= WHAT YOU ARE ASKED TO DO =
Please return only the lines from the one holding "Un petit gâteau" through the one holding "Спортивные шорты мужские", exactly as they appear in the records below, both ends included.

= RECORDS FOR THE TASK =
--------------------------------------------------
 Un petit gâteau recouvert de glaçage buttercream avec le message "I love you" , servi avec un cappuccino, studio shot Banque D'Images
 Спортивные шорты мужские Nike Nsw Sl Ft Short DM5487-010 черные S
--------------------------------------------------
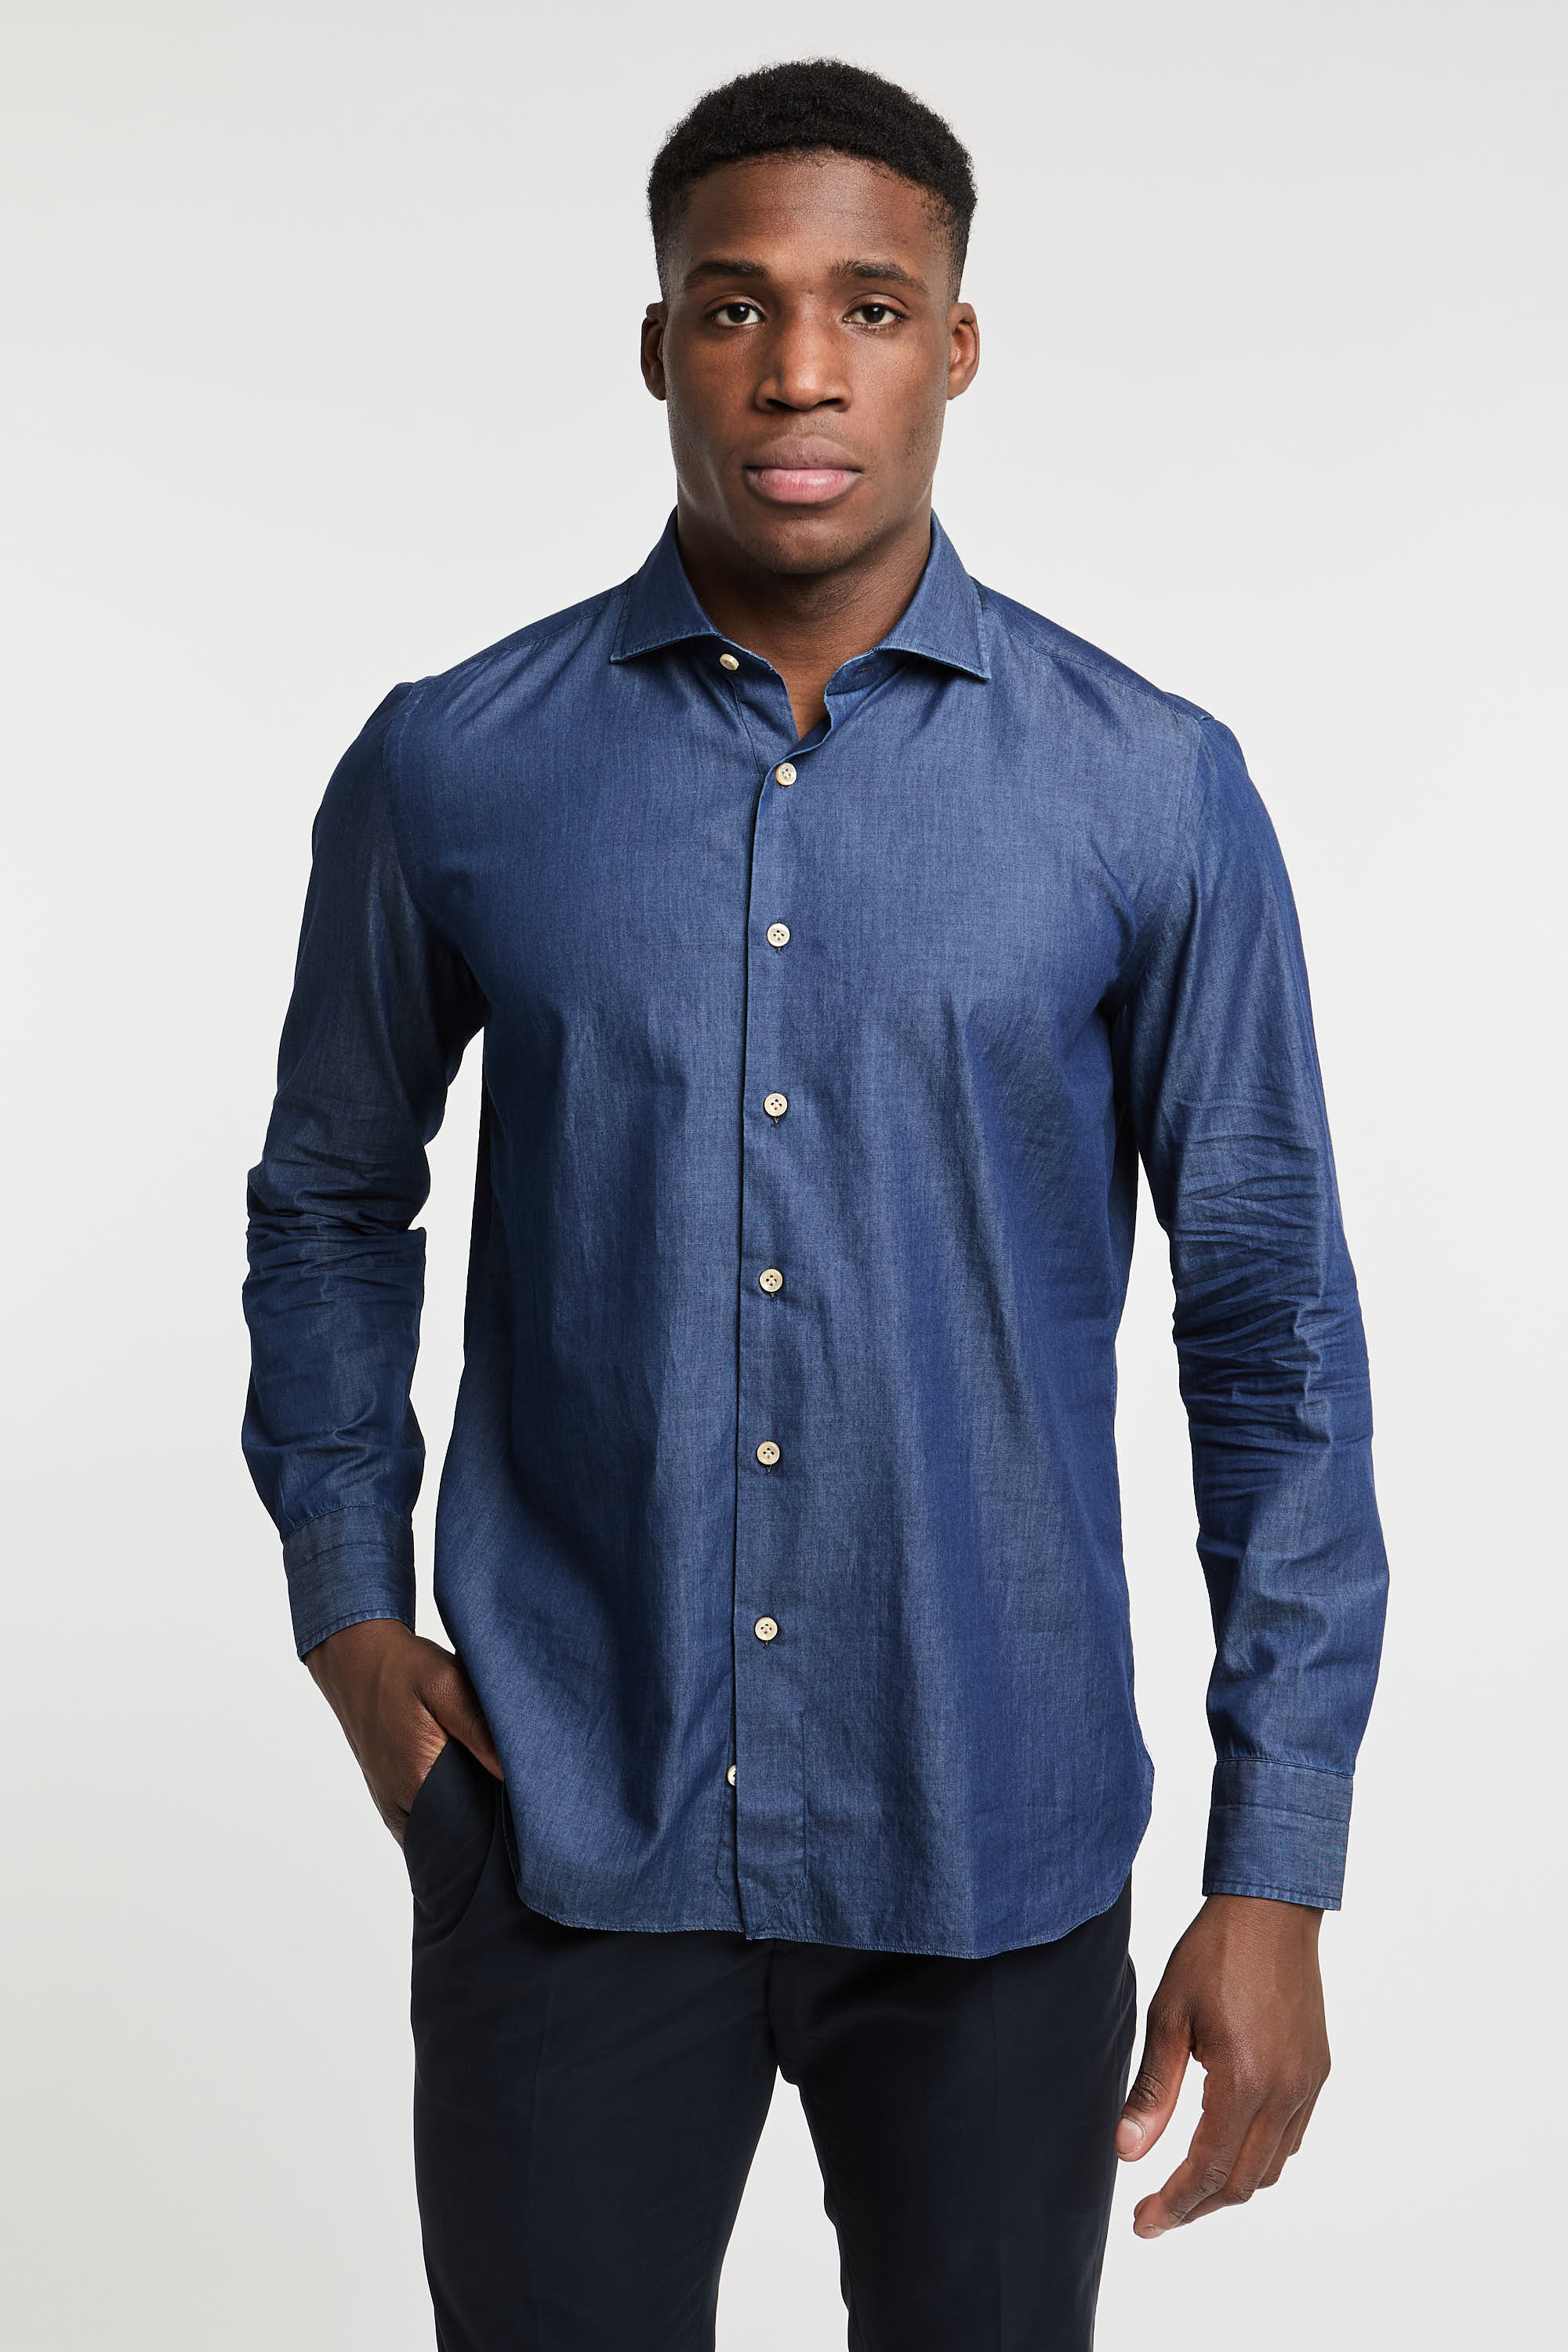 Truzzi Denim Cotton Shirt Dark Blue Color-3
--------------------------------------------------
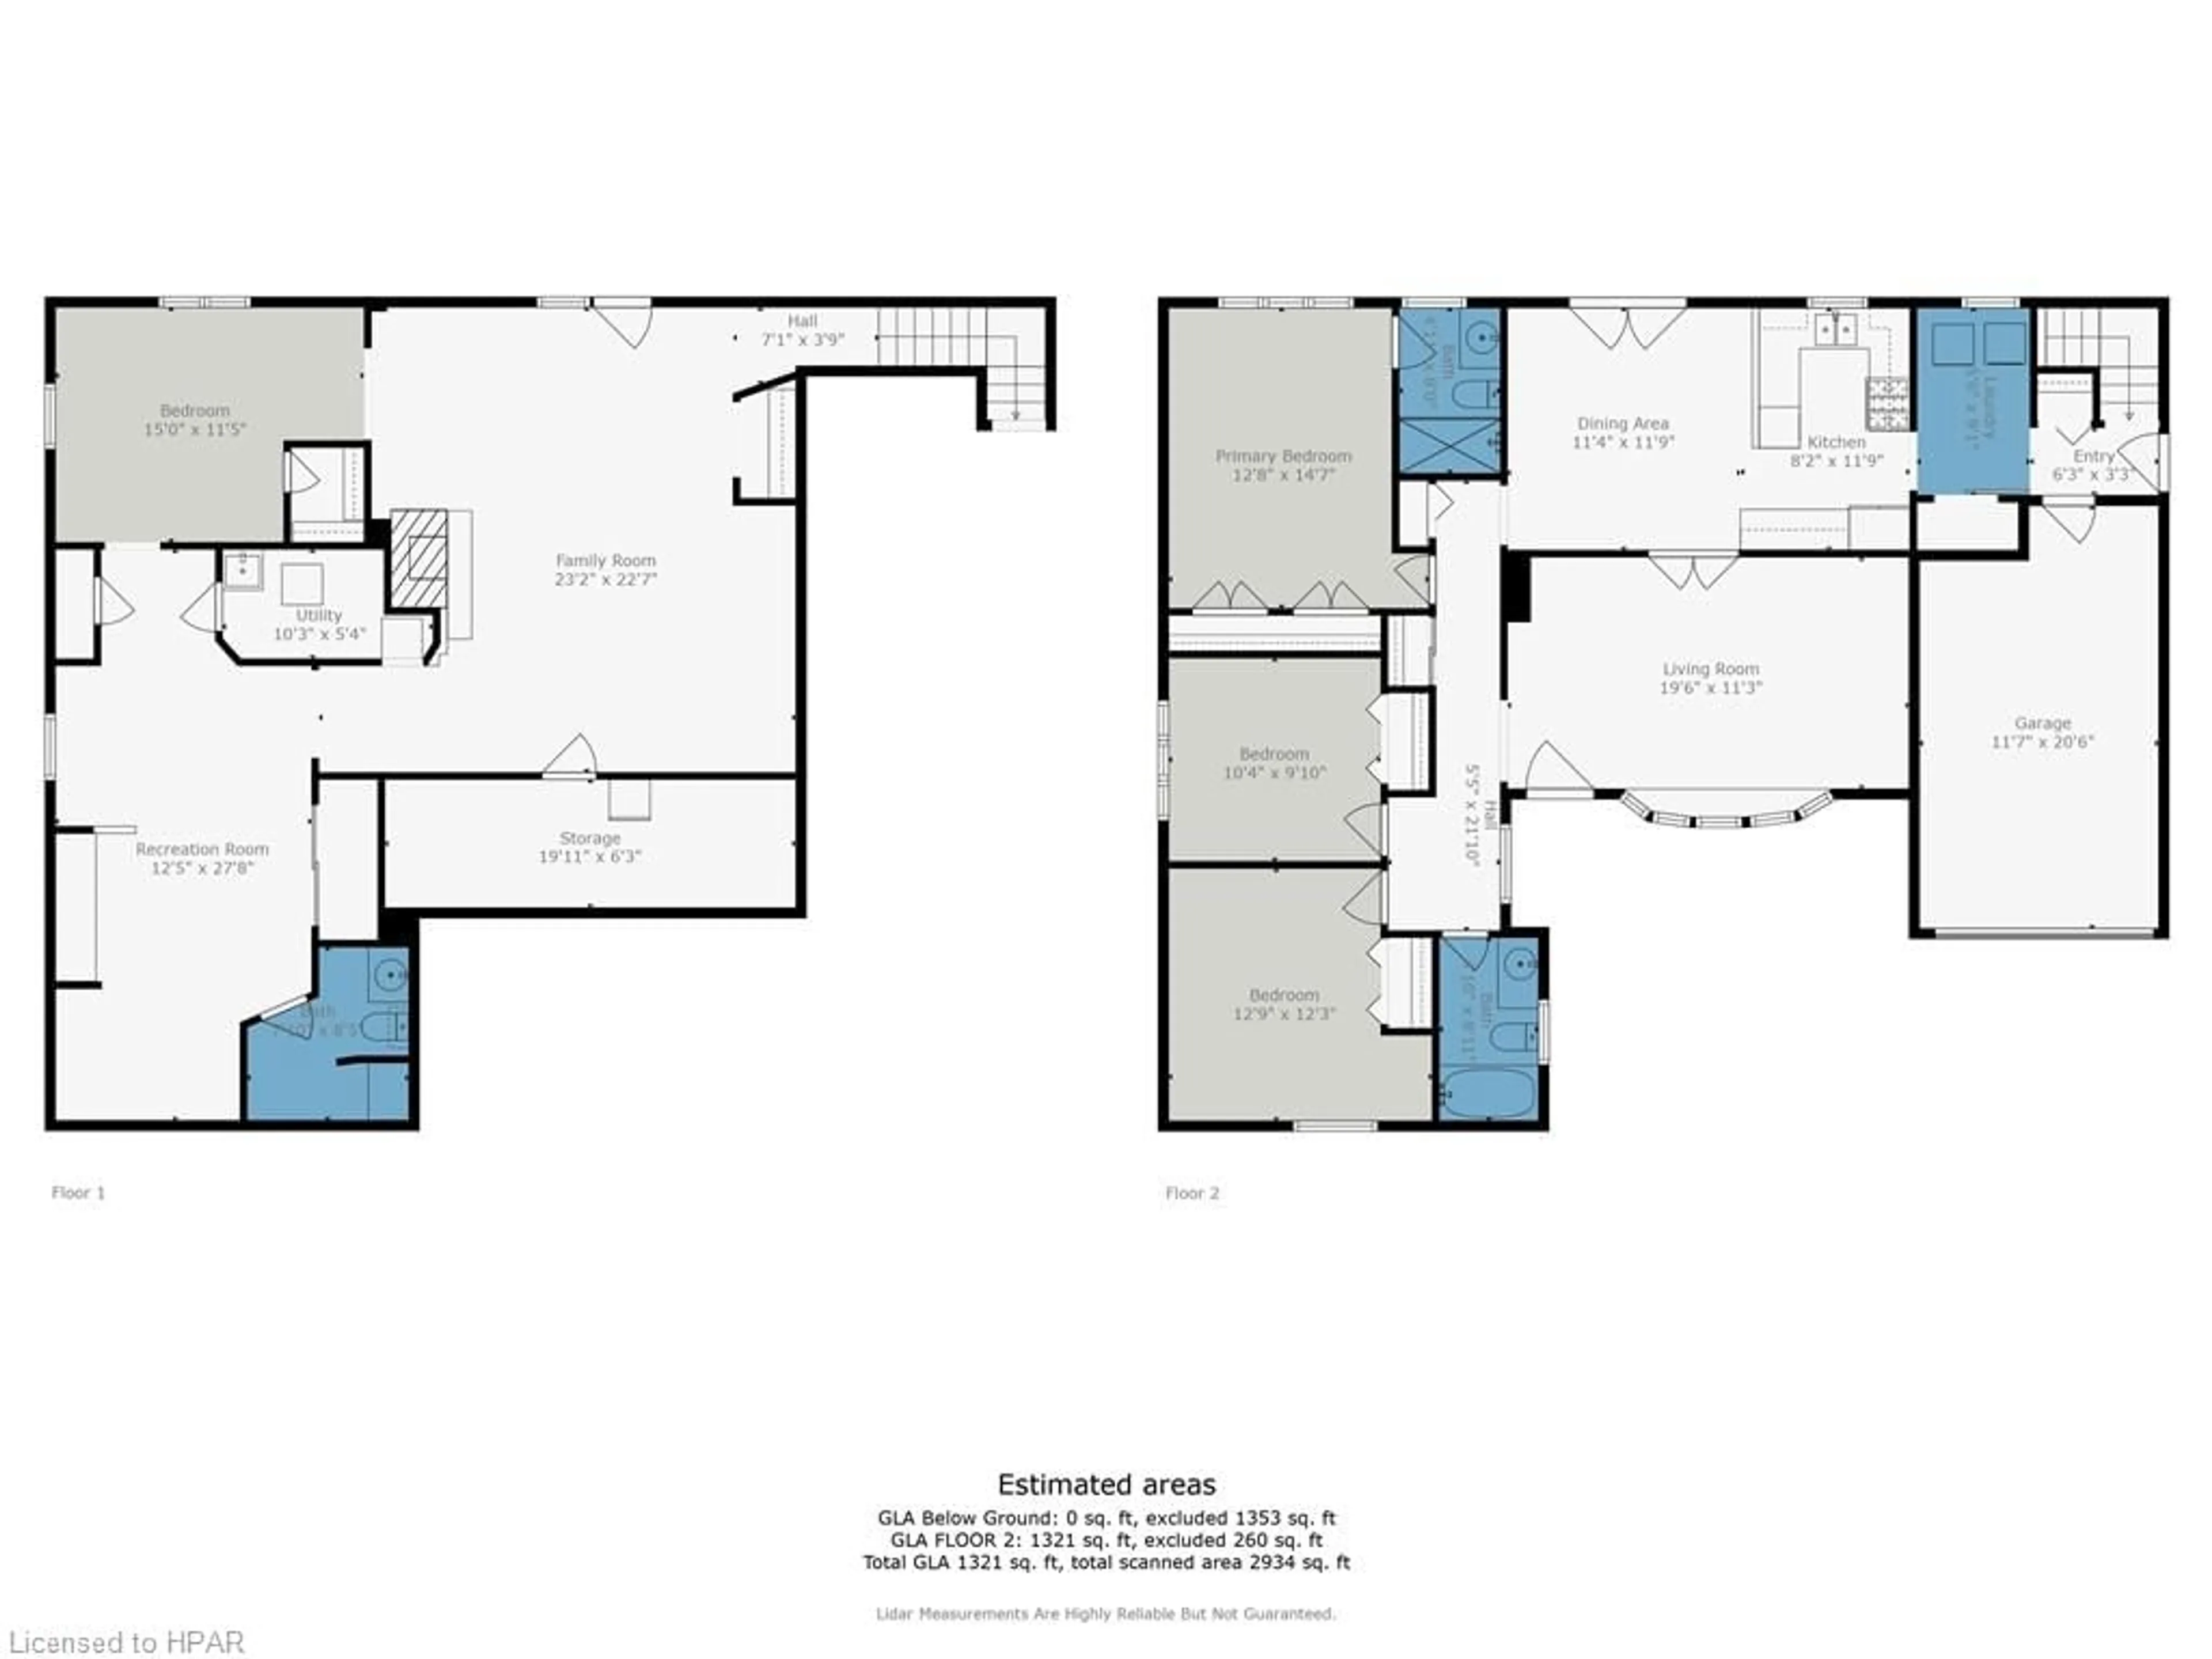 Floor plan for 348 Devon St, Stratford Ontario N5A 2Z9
--------------------------------------------------
= ANSWER TO THIS PROBLEM =
 Un petit gâteau recouvert de glaçage buttercream avec le message "I love you" , servi avec un cappuccino, studio shot Banque D'Images
 Спортивные шорты мужские Nike Nsw Sl Ft Short DM5487-010 черные S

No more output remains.